Artistic Director Hyo Kang, with whom Shaham studied at Juilliard, envisioned this chamber group made up of young musicians from nine different nations, as a "cultural ambassador." Their reputation is built on the ensemble's cohesiveness and their refreshing musical style. Under Gil Shaham's direction, they perform two early Violin Concertos by Joseph Haydn and Felix Mendelssohn's Octet with a strong sense of intensity and intimacy.
Felix Mendelssohn was a perfectionist. When he completed his ground-breaking Octet at the age of 12 in 1825, he wasn't satisfied. He continued to revise the work, finally allowing it to be published six years later. The performance heard on this new recording with Gil Shaham and Sejong Soloists blends the composer's final version with aspects of the original version which earned Mendelssohn instant fame as a young teen.
In the first movement of this Octet, the youthful energy and playfulness Mendelssohn intended is heard in the buoyant rhythms and soaring melodic lines. Gil Shaham explains their overall approach to the Octet, saying, "the faster tempo markings and the attention to staccato articulation in Mendelssohn's own handwriting persuaded us to try to conjure up a magical spirit world conveyed in Shakespeare's 'A Midsummer's Night Dream,' and Goethe's 'Faust,' both works that greatly fired the young composer's imagination." The perpetual light rhythms in the scherzo create a hypnotic, mysterious atmosphere. There's also something mesmerizing about the finale, as Gil Shaham and Sejong Soloists spin through it with great precision.
The faster tempos of Mendelssohn's early Octet were heavily influenced by Joseph Haydn, who died the year Mendelssohn was born. Both composers shared a passion for life which is heard in the works featured on this new release. Haydn composed four violin concertos. The two heard on this recording were composed when he was in his 30's, a time Haydn called his "extended youthful period" as a composer.

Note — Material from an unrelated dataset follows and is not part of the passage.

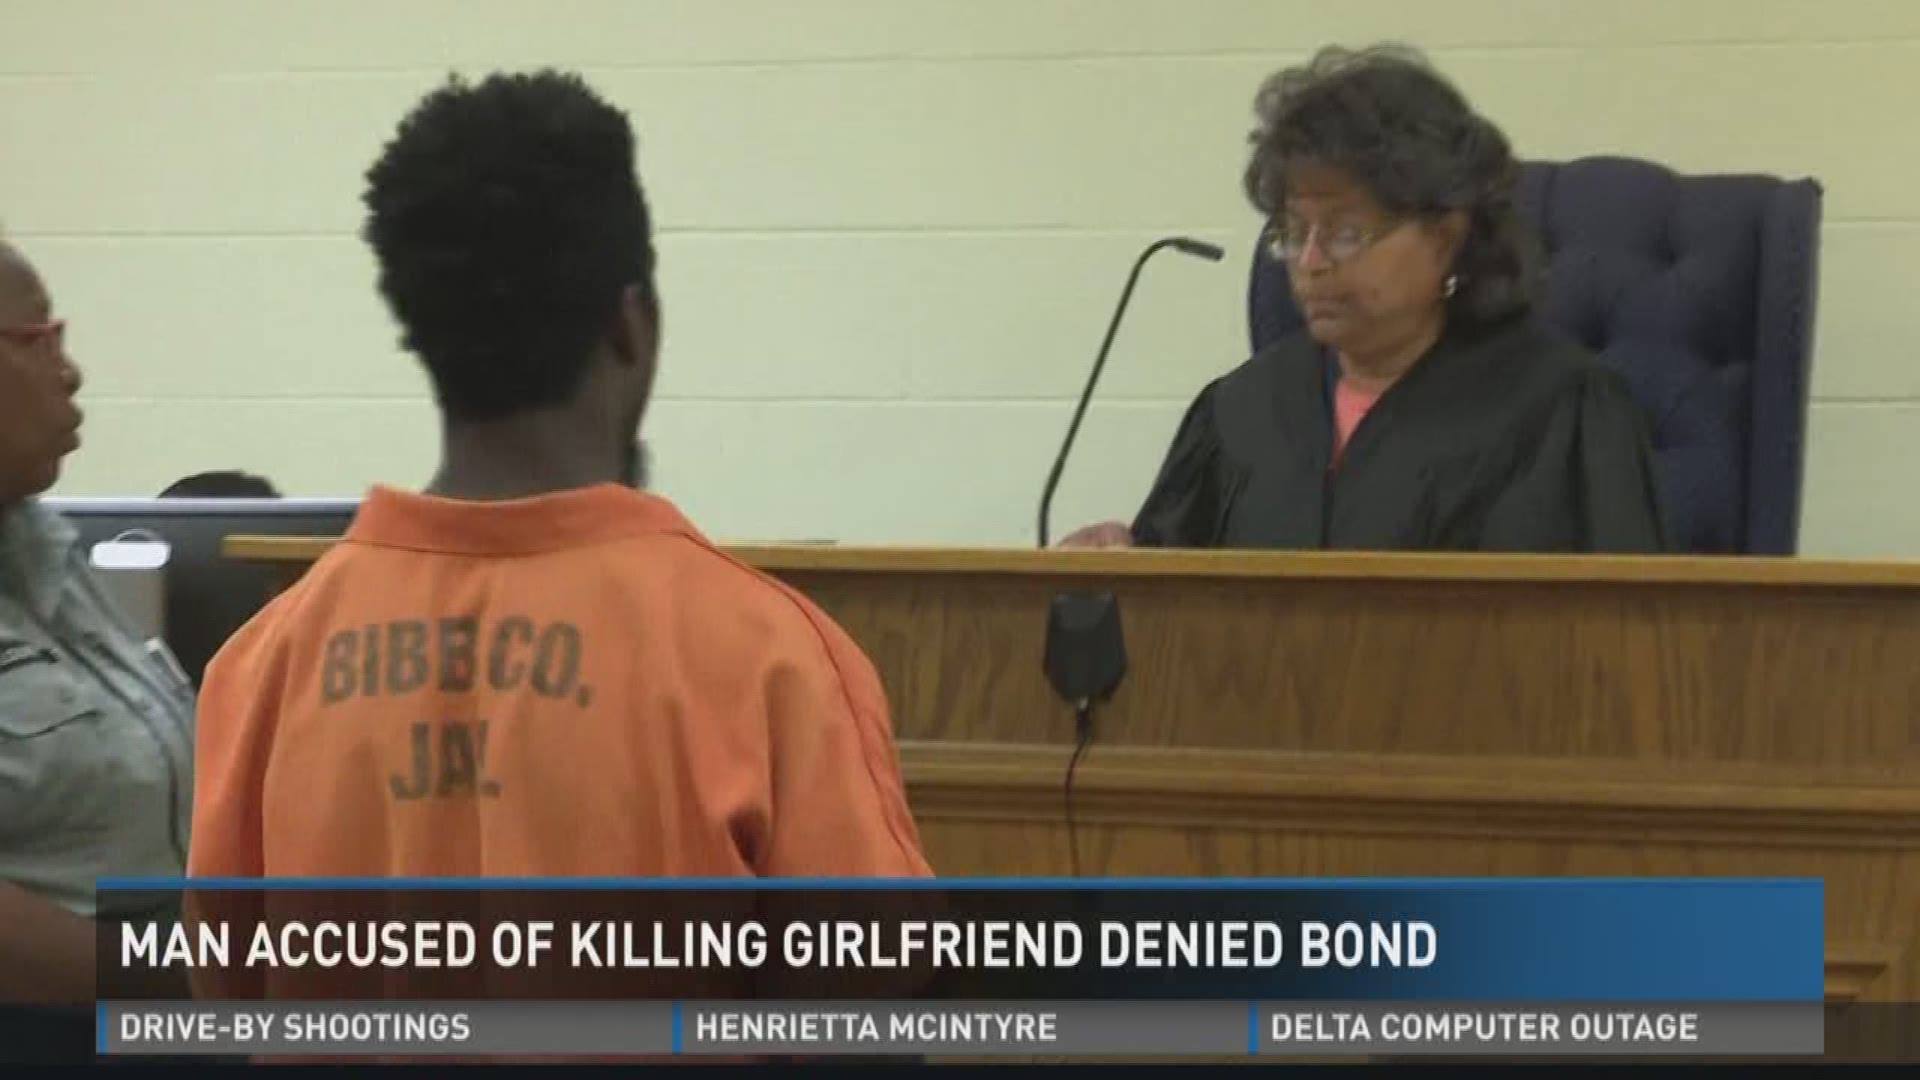 Man accused of killing girlfriend denied bond

The concerto in C Major was composed for Luigi Tomasini, one of the rising stars of Haydn's time and the concert master of the Esterhazy Orchestra where Haydn worked for most of his career. Haydn included ornamental virtuosic double-stops to showcase Tomasini's skill. Superstar Gil Shaham breezes through the technically challenging first movement, accentuating its youthful essence. Shaham's beautiful tone and lyrical phrasing take center stage in the tender Adagio.
The slow second movement also stands out in the Violin Concerto in G Major. This concerto is not as technically demanding for the soloist as the C major concerto, allowing the performer to focus on the soaring melodic lines and beautiful singing phrases, two things at which Shaham truly excels. The unmistakable beauty of this work is captured in the luscious violin duet.
Gil Shaham and Sejong Soloists toured extensively before making this recording, really getting to know these youthful works of Mendelssohn and Haydn. That level of commitment allows them to bring out the most touching and the most uplifting side of these two young geniuses.
(This is an encore broadcast of New Classical Tracks from June 23, 2010).